Geremia is like Shylock, Mussolini, a monster from a Grimm fairytale, he’s a close relation of Andreotti from Sorrentino’s Il Divo. The director makes the loan shark dance and constantly places him in new spaces. With potatoes on his face, Geremia runs around a small Italian town, a monument to fascist architecture; he’s sprawled on the bed and in front of him, a fat lady jumps over balls suspended from the ceiling, trying to imitate an agile volleyball player; he sits behind a desk in a grey workshop, surrounded by tailors and seamstresses, counting small complimentary chocolates that he picked up in bars and institutions.

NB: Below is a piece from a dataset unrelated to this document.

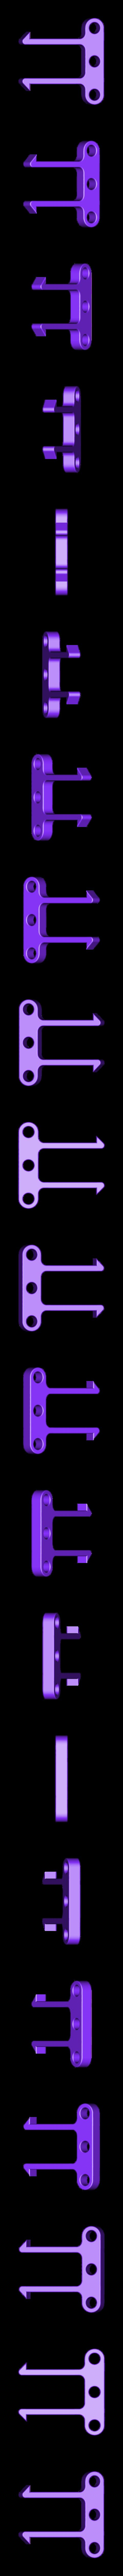 Shoe_Lock_Clip.stl Download free STL file Shoelace Locks • Model to 3D print, PentlandDesigns

Geremia is a strange man – a tormentor who at first forces himself to accept love and later decided to change under its influence; a man afraid of change who simultaneously quickly adapts to anything that comes his way, even if the change ain’t for the better – an ideal protagonist for Sorrentino who loves crazy renegades, as they’re excellent vessels for his filmic operas, his tales of tensions and wild pleasures. 

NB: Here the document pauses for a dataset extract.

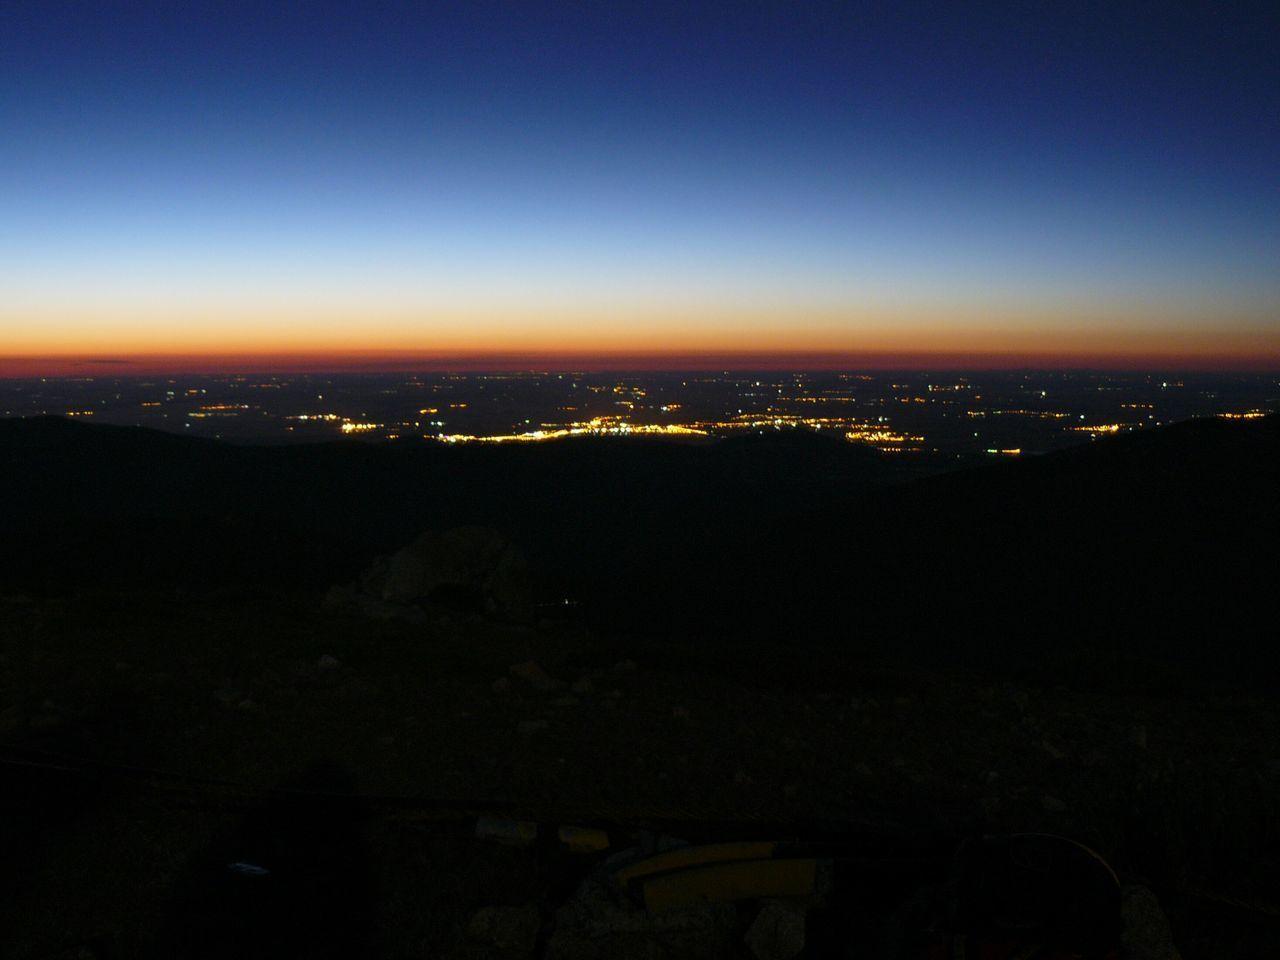 Sky Night Lights City SPAIN Cities At Night Overnight Success

Thursday Till Sunday, dir. Domina Sotomayor Castillo, photo: T-Mobile New Horizons

The international jury also resisted the apocalyptic tendencies -- the Grand Prix was awarded to Dominga Sotomayor Castillo for her film Thursday Till Sunday. It’s cinematography that stays away from being self-referential, the film sheds no tears over the current state of cinema. It’s completely different than what Carlos Reygadas does – it’s open, unassuming and has no need for Bach. A simple 2+2 family, mother, father, daughter, son. They go north on vacation in an old station wagon. They stop in bars, pitch their tent in the evenings, swim in the river. The kids sings songs, bicker on the back seat, look out the window, subject their parents to incessant questioning and eavesdrop on them. The father tries to find an appropriate radio station, mother makes sandwiches on the go. But the parents barely stand looking at each other. Why? It’s hard to say, we’re looking at them from their kids’ perspective, and the grown-ups are masters in hiding their emotions, they speak in hushed tones and keep their distance.

In Thursday Till Sunday the camera is like a child itself, it’s never tired, seems free, fascinated with the world around it, wants to look under every lining, touch everything, and at the same time it keeps hitting the walls built by people from the front seat. And suddenly, something happens – something beyond the kids’ understanding – and this world they’re so familiar with crumbles away. This film, along with its cohorts, embodies the possibilities that are still present in cinematography instead of lamenting its purported demise. If this is an example of some looming end, then I can stand to watch many more of them.